Two weeks later he got caught sleeping in the back room while on the clock and they finally fired his useless butt. I quit about 6 months later.

scarletwanderlust

29. Music to My Ears

I had things all set up to play piano with a string quartet for a wedding ceremony in a church.

The grand piano was up front, near the couple, and the organ in the rear to be used later.

When I entered the church, I found that the florist had placed a large vase of roses on the grand piano, using the sheet music for the string quartet underneath the vase to absorb water.
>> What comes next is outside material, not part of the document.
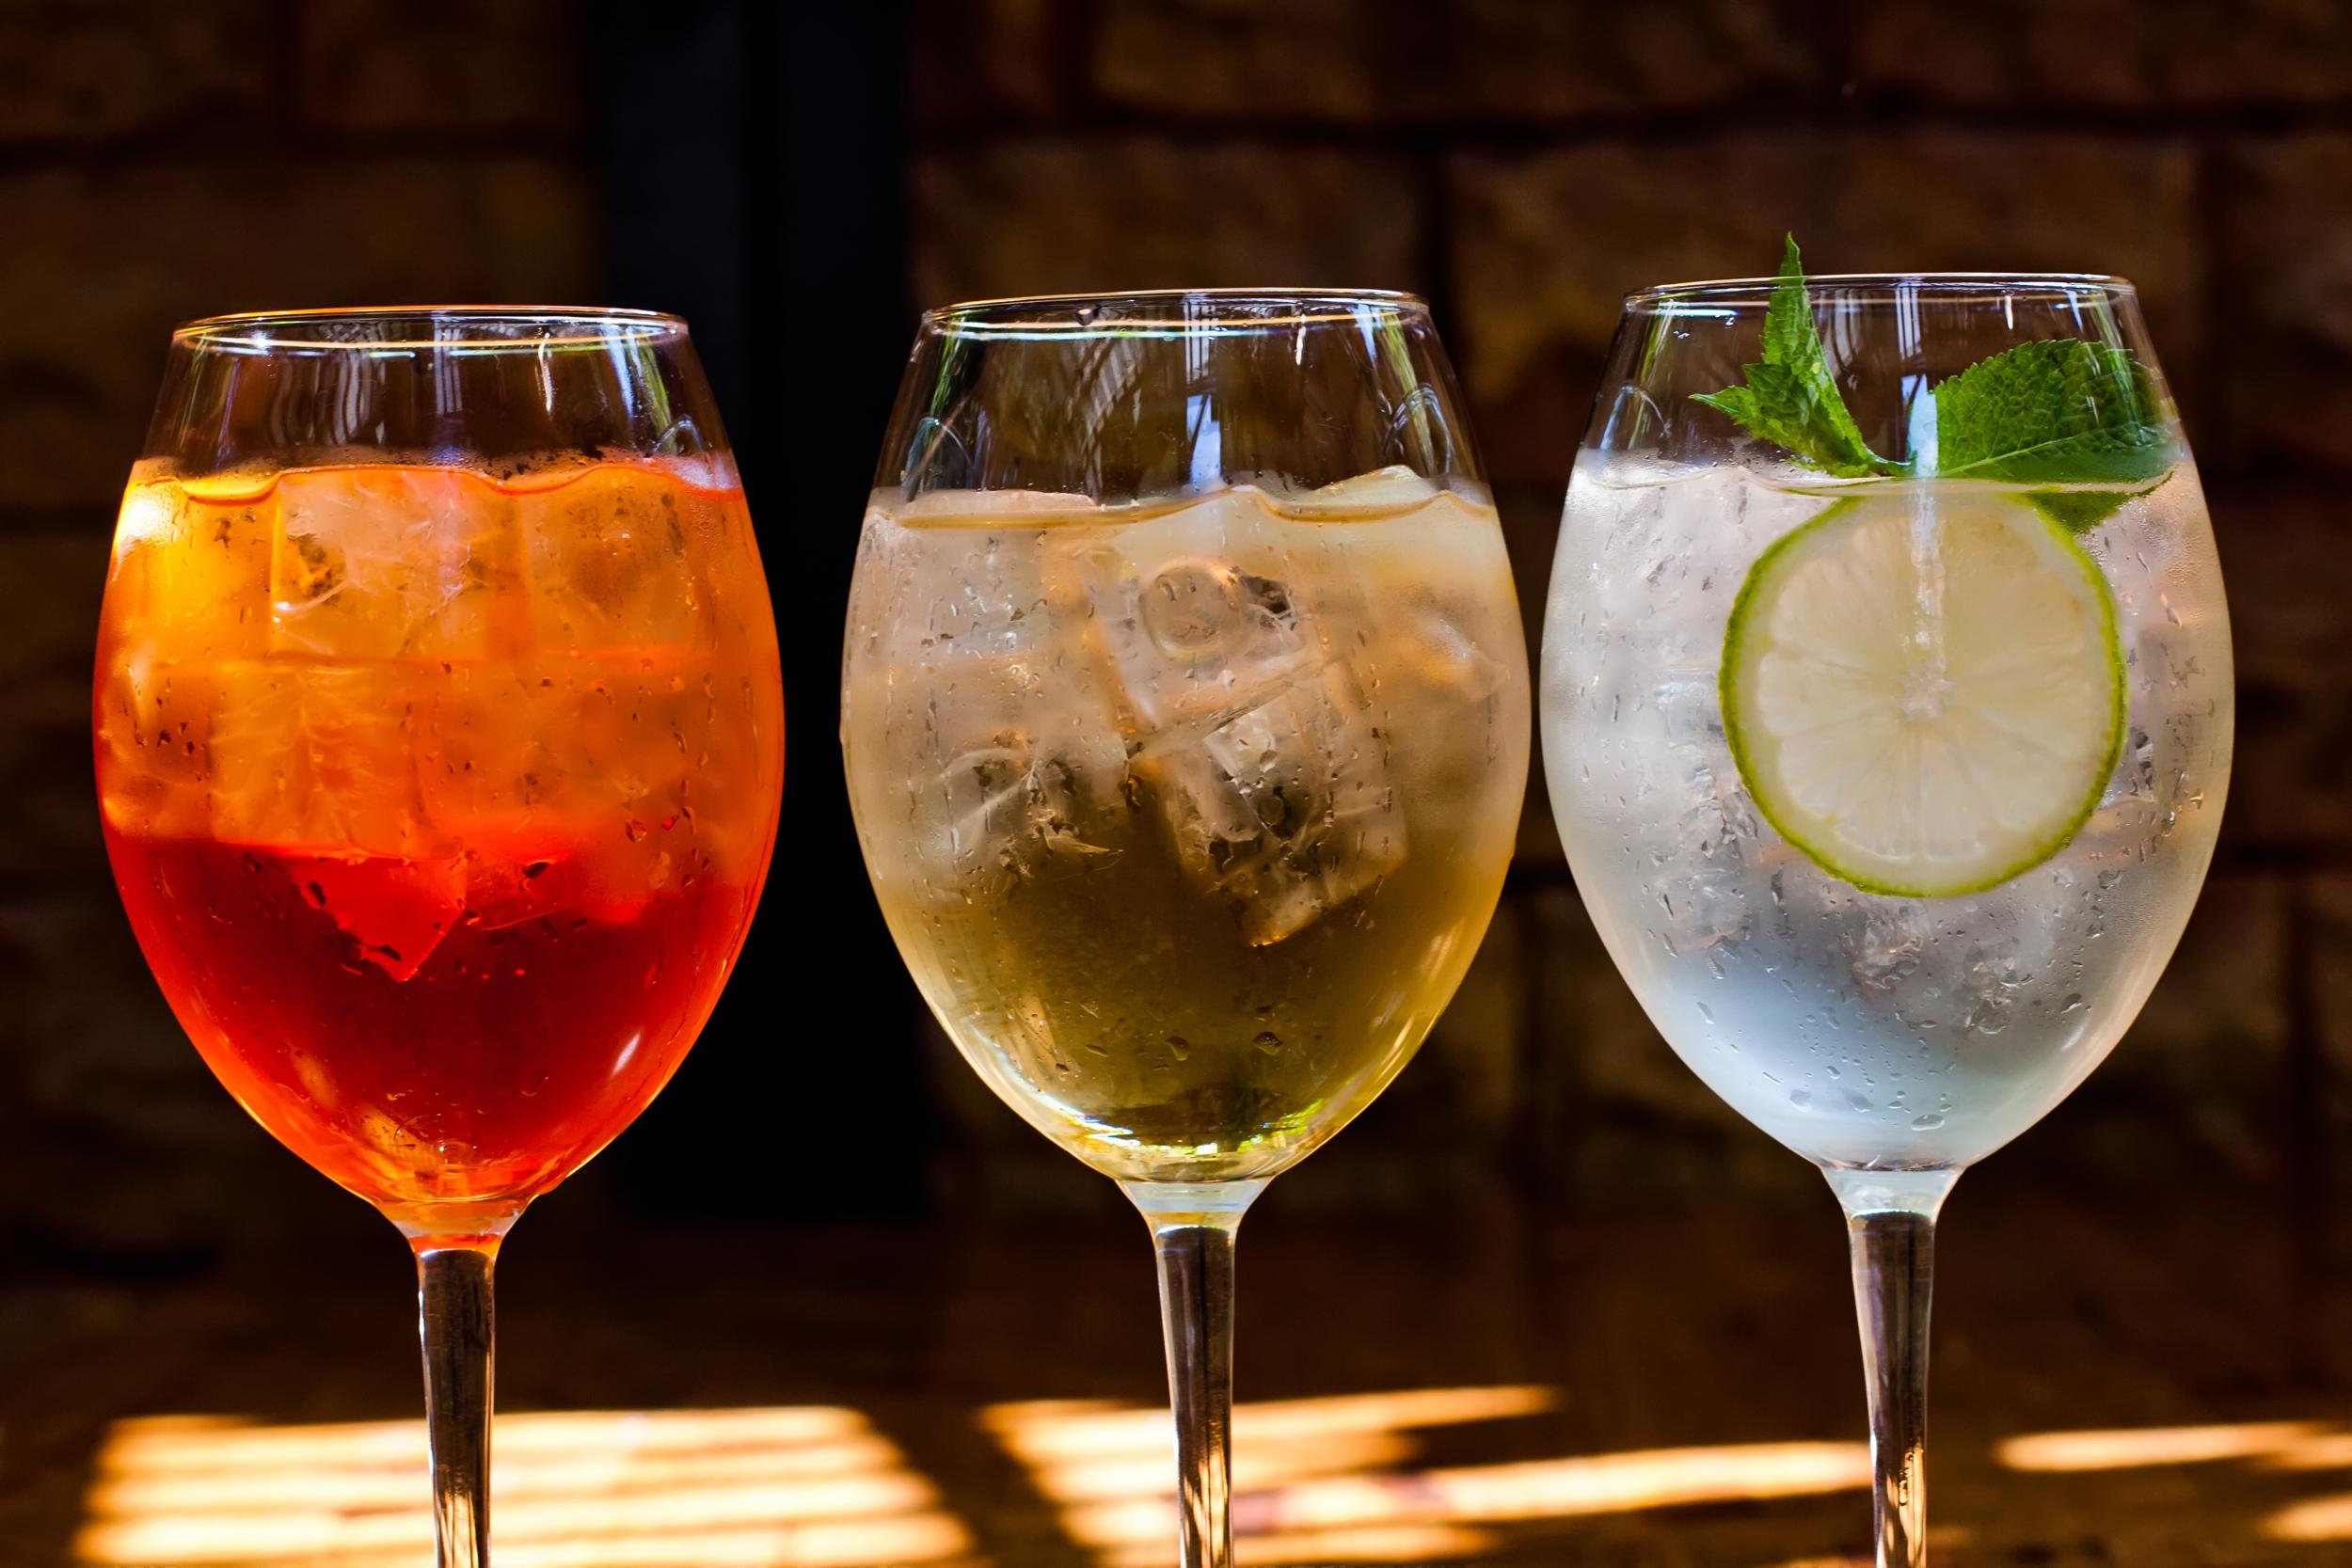 bigstock-Cocktails-with-sparkling-wine-81284396.jpg

Rarely do I lose my cool, but I did that time. Members of the string quartet told him in no uncertain terms where he could stick those roses as they tried to salvage their soaked music scores.

Back2Bach

28. His Head Is Always in His Books

In sixth grade, a group of some four kids took a monopoly over the back of the bus, a true power move. I always minded my own business and tried to sit away from them. For one, they all didn’t understand basic hygiene and smelled even though they were older than me. Anyway, turns out the bus driver was their quiet, retired Grandpa, who would never tell them to stop bullying or doing dumb things.
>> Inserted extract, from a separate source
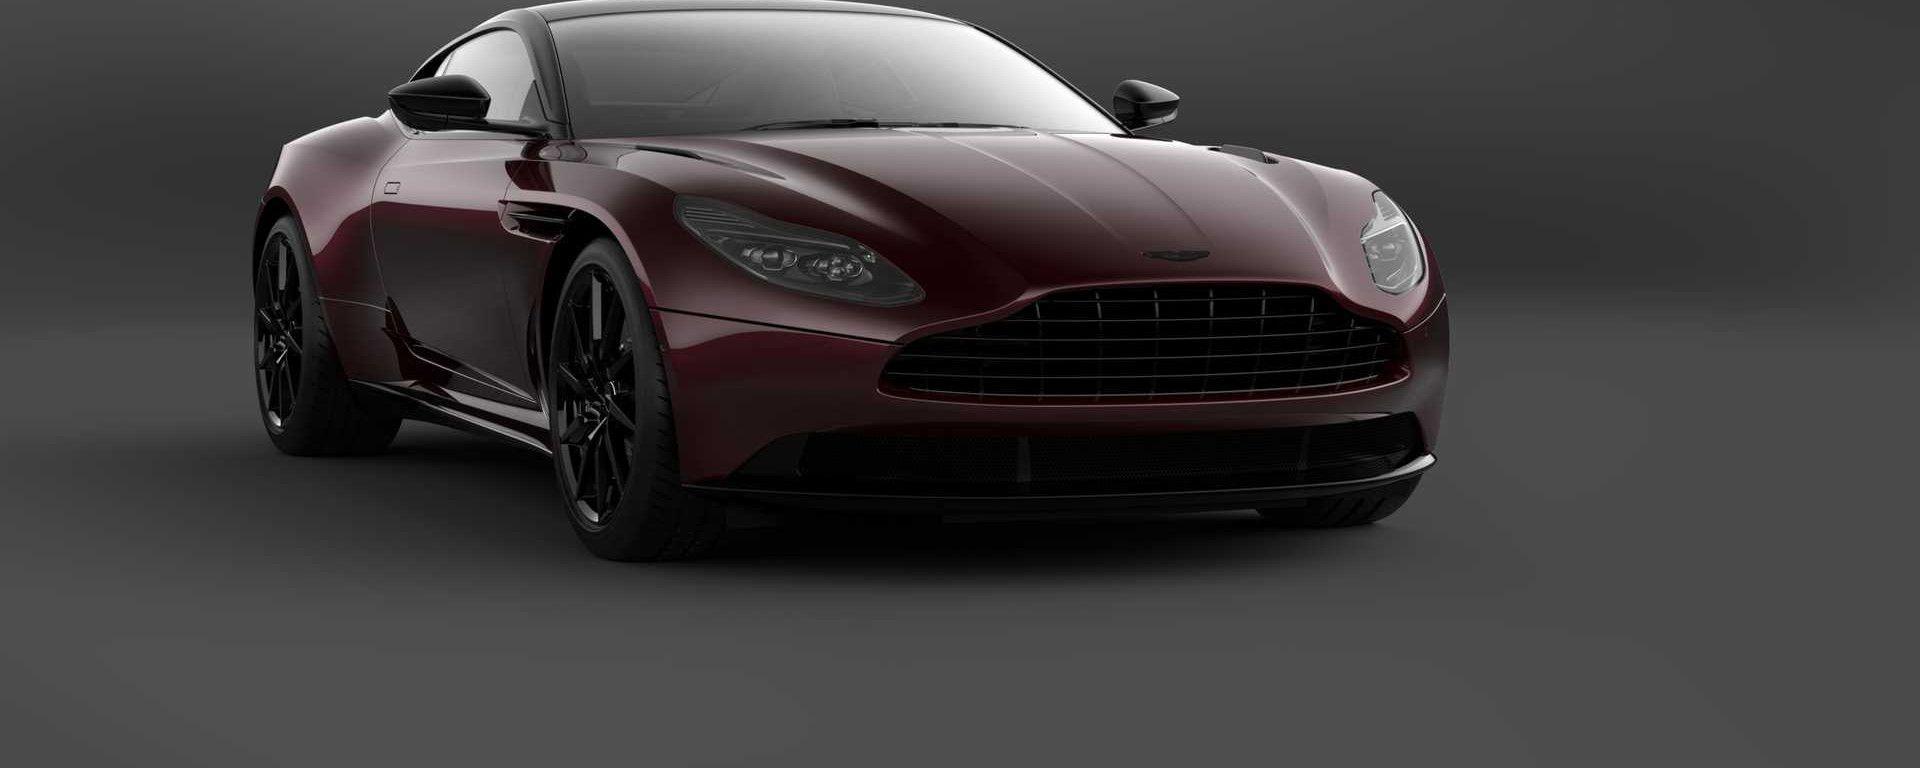 Aston Martin DB11 Shadow Edition: vista frontale

So one time they have a freaking spitting war, as in they spit across the seats at each other as they jump seats for cover. At one point, I was in the middle seat and a giant wad of their disgusting spit hit me square in my face.

I then proceeded to take my Pearson history book, one of those big, heavy hardcover textbooks, and smash one of them over the head with it. Granted, this was after me telling them to stop their nonsense several times.

The spitting stopped after that.

The book cover cracked and I had to pay for that at the end of the year, but I regret nothing.

Jeyrus

27. Department of Morons With Vehicles?

It was my 7th trip to the DMV when trying to reinstate my license. Every single time, they scrutinized my paperwork and always managed to find something “wrong” and would send me away to fix it.

On this 7th trip, they finally resorted to, “You have no proof that you ever had a license,” despite my piles of paperwork showing my driving record, among other things.

I refused to leave the seat and said, “You people are freaking monsters.”

A manager was called. We argued, he said he believed that I had had a license, but that there was just no proof, and he couldn’t risk accepting my paperwork in case someone checked it.

I said I refused to leave the seat until I knew exactly what was needed. Finally, the manager said he could contact my previous state of residence and could get a verification that I had indeed had a license there. It would take 3 minutes.

That’s when I yelled, in the middle of the DMV, “WHY WASN’T THAT THE FIRST FREAKING THING YOU SAID??!!”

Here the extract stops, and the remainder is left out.